Required work ▸ Copy each entry below exactly as it reads.

Records for the exercise ▸

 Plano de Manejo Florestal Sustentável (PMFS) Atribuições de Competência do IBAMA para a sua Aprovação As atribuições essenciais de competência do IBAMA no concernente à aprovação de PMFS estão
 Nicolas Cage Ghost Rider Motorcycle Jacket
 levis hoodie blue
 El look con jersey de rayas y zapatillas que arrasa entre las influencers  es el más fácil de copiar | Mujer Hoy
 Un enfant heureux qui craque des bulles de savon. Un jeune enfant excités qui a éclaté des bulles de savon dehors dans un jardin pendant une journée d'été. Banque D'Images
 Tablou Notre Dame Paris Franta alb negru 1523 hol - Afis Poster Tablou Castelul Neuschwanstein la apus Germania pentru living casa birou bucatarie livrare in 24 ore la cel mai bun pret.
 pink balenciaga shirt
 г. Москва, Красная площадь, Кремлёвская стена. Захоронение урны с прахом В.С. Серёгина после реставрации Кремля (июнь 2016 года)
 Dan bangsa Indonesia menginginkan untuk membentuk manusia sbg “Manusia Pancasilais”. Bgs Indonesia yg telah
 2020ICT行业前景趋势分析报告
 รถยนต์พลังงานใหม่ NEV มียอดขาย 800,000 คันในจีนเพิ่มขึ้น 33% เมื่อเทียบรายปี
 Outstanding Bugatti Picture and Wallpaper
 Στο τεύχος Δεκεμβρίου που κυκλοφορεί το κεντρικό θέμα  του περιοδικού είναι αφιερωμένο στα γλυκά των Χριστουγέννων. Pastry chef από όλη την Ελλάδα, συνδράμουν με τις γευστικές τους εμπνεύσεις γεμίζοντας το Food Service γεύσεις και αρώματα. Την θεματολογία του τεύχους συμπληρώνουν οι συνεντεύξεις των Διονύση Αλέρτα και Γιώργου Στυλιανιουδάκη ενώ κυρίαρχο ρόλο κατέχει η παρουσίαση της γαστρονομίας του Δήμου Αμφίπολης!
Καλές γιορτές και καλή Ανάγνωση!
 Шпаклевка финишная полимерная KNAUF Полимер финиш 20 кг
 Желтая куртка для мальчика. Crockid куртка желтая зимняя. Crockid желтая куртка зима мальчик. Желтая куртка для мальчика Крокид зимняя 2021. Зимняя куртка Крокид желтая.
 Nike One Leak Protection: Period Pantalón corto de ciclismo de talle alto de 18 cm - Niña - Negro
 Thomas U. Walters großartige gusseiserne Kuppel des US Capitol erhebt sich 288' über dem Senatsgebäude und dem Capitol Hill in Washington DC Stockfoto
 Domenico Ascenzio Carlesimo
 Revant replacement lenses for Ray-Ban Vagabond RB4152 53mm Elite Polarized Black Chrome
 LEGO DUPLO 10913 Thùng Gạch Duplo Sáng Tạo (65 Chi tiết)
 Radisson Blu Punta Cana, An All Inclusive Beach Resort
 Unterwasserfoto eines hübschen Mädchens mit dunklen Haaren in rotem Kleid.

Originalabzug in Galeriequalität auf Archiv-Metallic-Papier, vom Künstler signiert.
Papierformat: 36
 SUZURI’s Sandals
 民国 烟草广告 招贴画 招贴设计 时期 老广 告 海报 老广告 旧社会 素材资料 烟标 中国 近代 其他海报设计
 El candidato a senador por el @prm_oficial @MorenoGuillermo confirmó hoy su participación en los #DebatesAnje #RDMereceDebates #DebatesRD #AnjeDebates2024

Solution ▸
 Plano de Manejo Florestal Sustentável (PMFS) Atribuições de Competência do IBAMA para a sua Aprovação As atribuições essenciais de competência do IBAMA no concernente à aprovação de PMFS estão
 Nicolas Cage Ghost Rider Motorcycle Jacket
 levis hoodie blue
 El look con jersey de rayas y zapatillas que arrasa entre las influencers  es el más fácil de copiar | Mujer Hoy
 Un enfant heureux qui craque des bulles de savon. Un jeune enfant excités qui a éclaté des bulles de savon dehors dans un jardin pendant une journée d'été. Banque D'Images
 Tablou Notre Dame Paris Franta alb negru 1523 hol - Afis Poster Tablou Castelul Neuschwanstein la apus Germania pentru living casa birou bucatarie livrare in 24 ore la cel mai bun pret.
 pink balenciaga shirt
 г. Москва, Красная площадь, Кремлёвская стена. Захоронение урны с прахом В.С. Серёгина после реставрации Кремля (июнь 2016 года)
 Dan bangsa Indonesia menginginkan untuk membentuk manusia sbg “Manusia Pancasilais”. Bgs Indonesia yg telah
 2020ICT行业前景趋势分析报告
 รถยนต์พลังงานใหม่ NEV มียอดขาย 800,000 คันในจีนเพิ่มขึ้น 33% เมื่อเทียบรายปี
 Outstanding Bugatti Picture and Wallpaper
 Στο τεύχος Δεκεμβρίου που κυκλοφορεί το κεντρικό θέμα  του περιοδικού είναι αφιερωμένο στα γλυκά των Χριστουγέννων. Pastry chef από όλη την Ελλάδα, συνδράμουν με τις γευστικές τους εμπνεύσεις γεμίζοντας το Food Service γεύσεις και αρώματα. Την θεματολογία του τεύχους συμπληρώνουν οι συνεντεύξεις των Διονύση Αλέρτα και Γιώργου Στυλιανιουδάκη ενώ κυρίαρχο ρόλο κατέχει η παρουσίαση της γαστρονομίας του Δήμου Αμφίπολης!
Καλές γιορτές και καλή Ανάγνωση!
 Шпаклевка финишная полимерная KNAUF Полимер финиш 20 кг
 Желтая куртка для мальчика. Crockid куртка желтая зимняя. Crockid желтая куртка зима мальчик. Желтая куртка для мальчика Крокид зимняя 2021. Зимняя куртка Крокид желтая.
 Nike One Leak Protection: Period Pantalón corto de ciclismo de talle alto de 18 cm - Niña - Negro
 Thomas U. Walters großartige gusseiserne Kuppel des US Capitol erhebt sich 288' über dem Senatsgebäude und dem Capitol Hill in Washington DC Stockfoto
 Domenico Ascenzio Carlesimo
 Revant replacement lenses for Ray-Ban Vagabond RB4152 53mm Elite Polarized Black Chrome
 LEGO DUPLO 10913 Thùng Gạch Duplo Sáng Tạo (65 Chi tiết)
 Radisson Blu Punta Cana, An All Inclusive Beach Resort
 Unterwasserfoto eines hübschen Mädchens mit dunklen Haaren in rotem Kleid.

Originalabzug in Galeriequalität auf Archiv-Metallic-Papier, vom Künstler signiert.
Papierformat: 36
 SUZURI’s Sandals
 民国 烟草广告 招贴画 招贴设计 时期 老广 告 海报 老广告 旧社会 素材资料 烟标 中国 近代 其他海报设计
 El candidato a senador por el @prm_oficial @MorenoGuillermo confirmó hoy su participación en los #DebatesAnje #RDMereceDebates #DebatesRD #AnjeDebates2024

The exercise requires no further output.